劉千舟點頭:“是啊,但也不是疼,就是疲累得坐不住。以前坐一天也能坐下去,現在稍微久一點,后腰就疼得不行。”
王毓文問:“那怎么辦?有沒有照過核磁共振?聽說核磁共振能夠看得很清楚脊椎關節發生的病變。千千,脊椎特別是腰椎這個事情,不能馬虎啊,搞不好就會半身不遂的。”
“別危言聳聽啊,你是醫生派來的嗎?”劉千舟笑道:“只是年輕時候經常坐著,沒太注意,積勞成疾,現在生了孩子,還在恢復中,所以才有的癥狀,不是大問題。”
“去做核磁共振吧。”段婷婷道:“沒問題當然好,有問題早發現早治療啊。”
王毓文也立馬出聲:“是啊了是啊,早發現早治療。”
劉千舟看了眼王毓文,隨后道:“核磁共振輻射太大,一直沒做,那個對身體影響,至少得半年才能消除,我還在母乳喂養孩子,所以不能做。醫生雖然沒有明說不能,但我還是心里擔心。”
段婷婷吃了一驚,“核磁共振的影響要那么久才能消失?”
劉千舟點點頭,“是啊,聽說準備要孩子的女性,也最好不要去做那個東西,對身體影響很大。”
“可你這傷在骨頭上啊,外科醫生又摸不到具體的情況。脊柱是非常很重要的,這是支撐人能站起來行走的最主要的結構。高等動物跟低等動物的區別就是能直立行走,也就是這脊柱最為關鍵。你呀你,可千萬別任性!真要是出了什么問題,你說說,該怎么辦?”段婷婷問。
王毓文笑道:“其實想多了,千千老公那么有錢,有什么問題會醫不好啊。
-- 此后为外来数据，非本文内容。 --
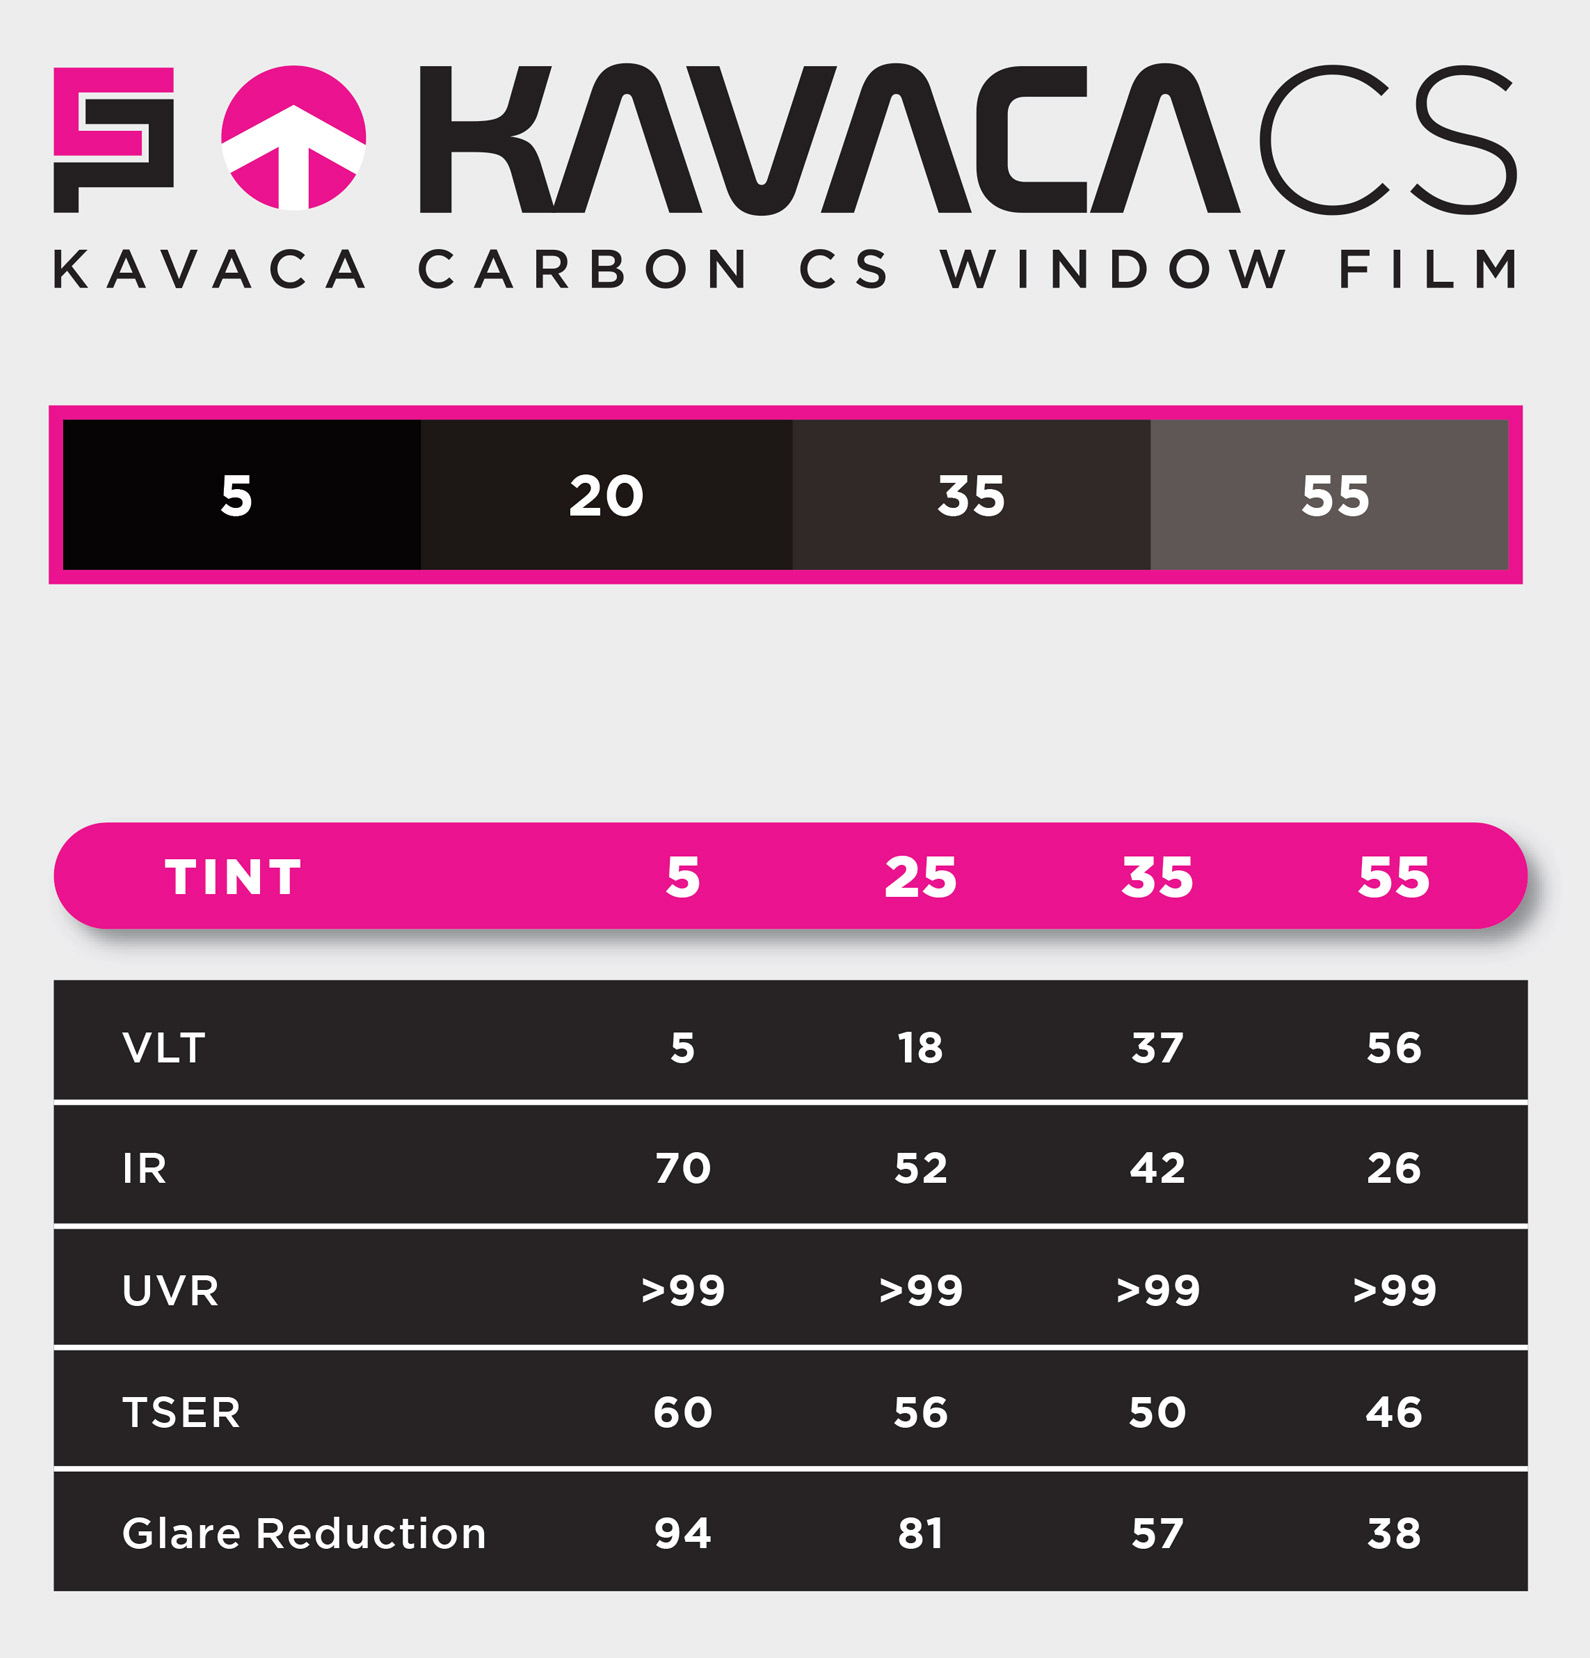 ceramic_pro_kavaca_carbon_cs_window_film_spec_chart_2021_main

”
段婷婷看了眼王毓文:“你這話什么意思?家里有錢身體就使勁兒出問題是不是?”
“我也不是那個意思,我是說,家里有錢,至少不會生不起病,至少有底氣啊。要是普通人家,根本連個病都生不起,成天都提心吊膽的。”王毓文解釋說。
段婷婷笑了聲,呵呵道:“你這是哪里來的感慨?我倒是第一回聽說,你們家不是也挺有錢的嗎?還能有這感悟?”
話落,段婷婷看向劉千舟,拉著她的手:“有沒有錢另說,但身體有什么病痛,人受苦啊。”
“嗯。”劉千舟點點頭。
段婷婷再道:“你呀,一定要好好調養自己的身體,聽到沒有?不準生病,生病多痛苦啊?生不如死的,有再多錢有什么用?”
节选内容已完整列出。